Максимов намеренно проигнорировал выпад Леона и все внимание переключил на Эрику. Она тоже не сводила с него глаз. На лице удерживала выражение вежливого внимания, но он чувствовал, что ее интерес гораздо глубже, чем она хочет показать.
— Эрика, зачем красивой, самодостаточной и умной женщине Пулитцеровская премия?[46]
Брови Эрики взлетели вверх.
— Ты, конечно же, феминистка, но не настолько, чтобы забыть, что ты женщина. Красивая женщина, подчеркну. Женщина, знающая силу своей красоты. К тому же слишком аристократична, чтобы встать под знамена борцов за демократию и мир во всем мире. Ты умеешь радоваться жизни и вряд ли обменяешь ее на миг дешевой славы.
Максимов почувствовал, как под его рукой напряглась спина Карины. Погладил между острыми лопатками, успокаивая.
— Вот Леон — другое дело, — продолжил он. — К риску ему не привыкать. Но ради чего рисковать? Ради идеи, иллюзий и химер? Так это удел пушечного мяса, а не умного человека. А ты умен, практичен и расчетлив, Леон, если с такой профессией сумел до сих пор остаться в живых. Видишь, я высокого мнения о тебе. — Максимов сделал паузу, пригубив ликер. — Несмотря на то, что ты посмел спекулировать добрым именем моего деда.
Леон нахмурился.
— Профессор Арсеньев скомпрометирован — это факт, — с нажимом произнес он.
— До встречи с тобой меня это тревожило. А теперь — нет. — Максимов перевел взгляд на Эрику, вновь обращаясь только к ней. — Позволю себе процитировать Генри Киссенджера:[47] «В политике есть принципы и есть национальные интересы. Плохо, когда в угоду принципам жертвуют национальными интересами». А так как я сам себе государство, то мои личные интересы доминируют над моральными принципами. Родственные отношения — это лишь принцип. Но есть личные интересы. Я ясно выразился?
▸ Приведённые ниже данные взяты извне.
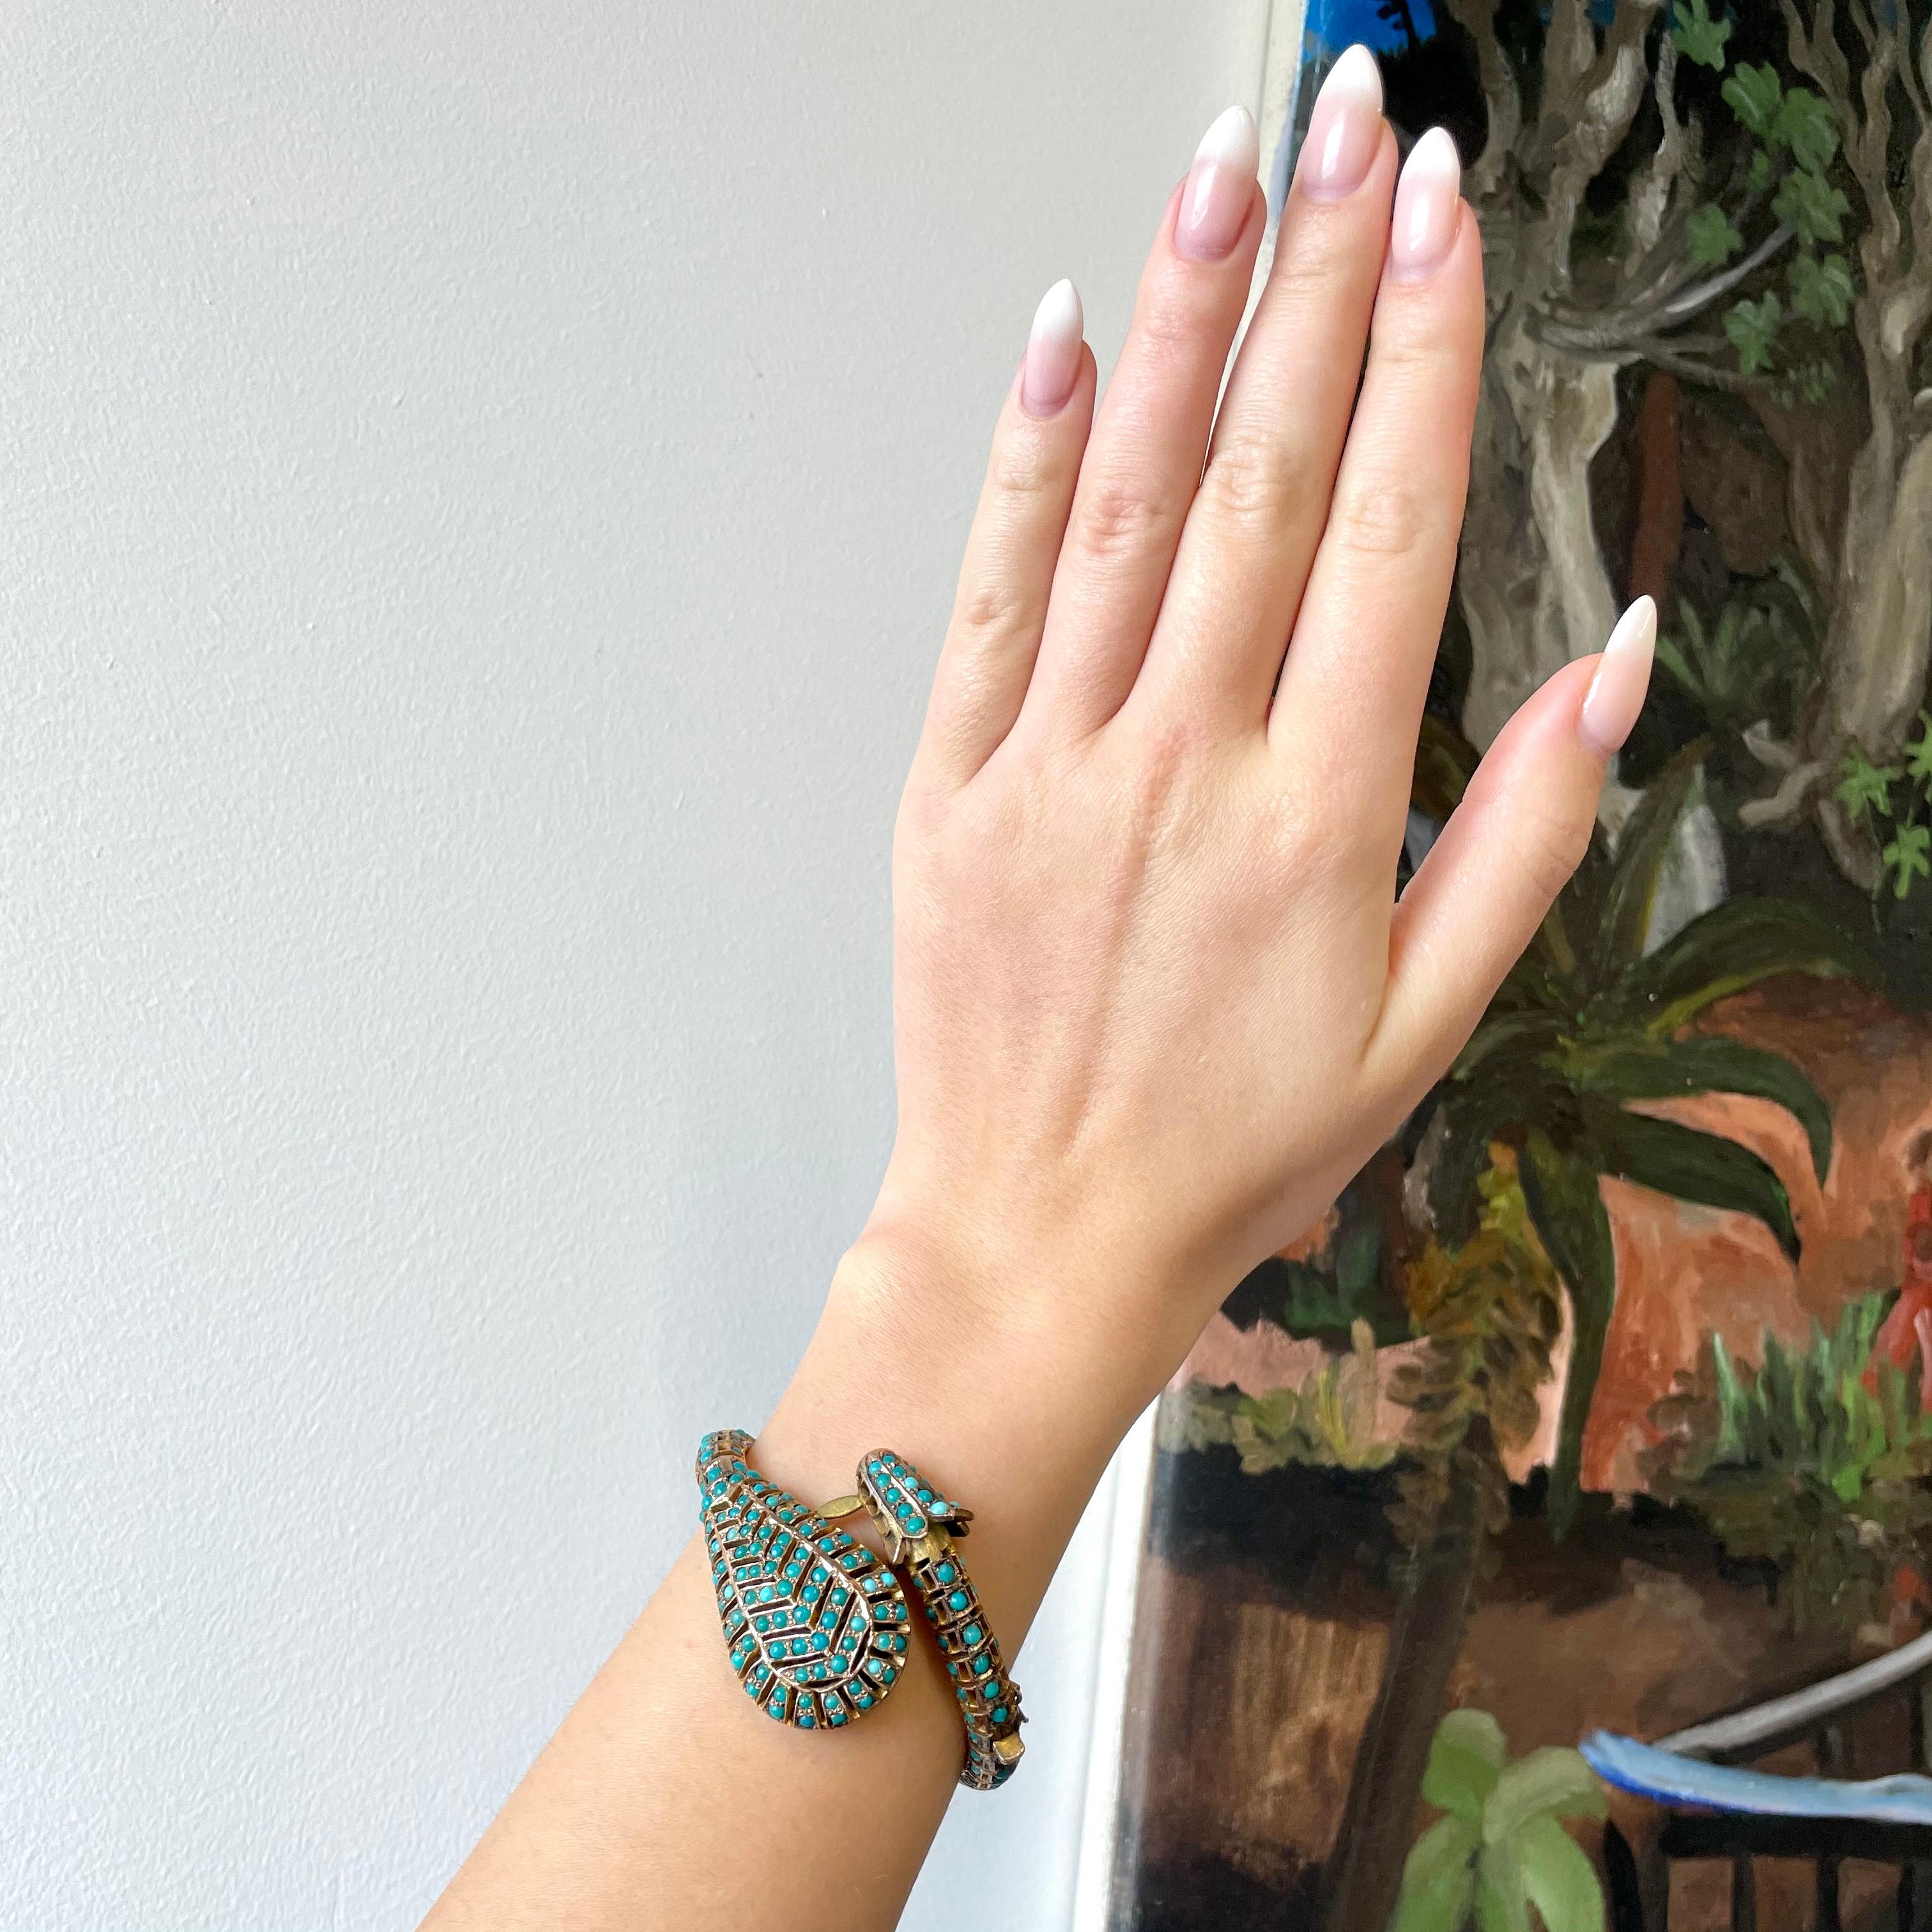 Have a snake on your wrist to avoid having one in your life. Serpent inspired jewelry has been a non-negotiable trend for centuries. If you don't have a snake jewel yet, this is your chance to become a lucky owner of this talisman. This bangle is

Леон бросил на Эрику недоуменный взгляд. А она расхохоталась, закинув голову.
— Браво, Макс! Зверь почуял добычу, не так ли? — Она отсалютовала Максимову бокалом с мартини. — Леон, что ты выпучился? Макс же ясно сказал, он хочет свою долю.
— И не от Пулитцеровской премии, естественно, — вставил Максимов.
— Один уже просил долю. Сейчас лежит с пробитой головой, — пробурчал Леон.
— Надеюсь, что мне повезет. Как до сих пор везло вам, — парировал Максимов. Он поднял взгляд на Карину. — Похоже, моя дорогая, нам выпал шанс заработать кругленькую сумму. Дело в том, что в горах Таджикистана лежит клад. Как ты считаешь, сколько нам полагается, если мы поможем его откопать?
— Пятьдесят процентов, — не задумываясь, ответила Карина.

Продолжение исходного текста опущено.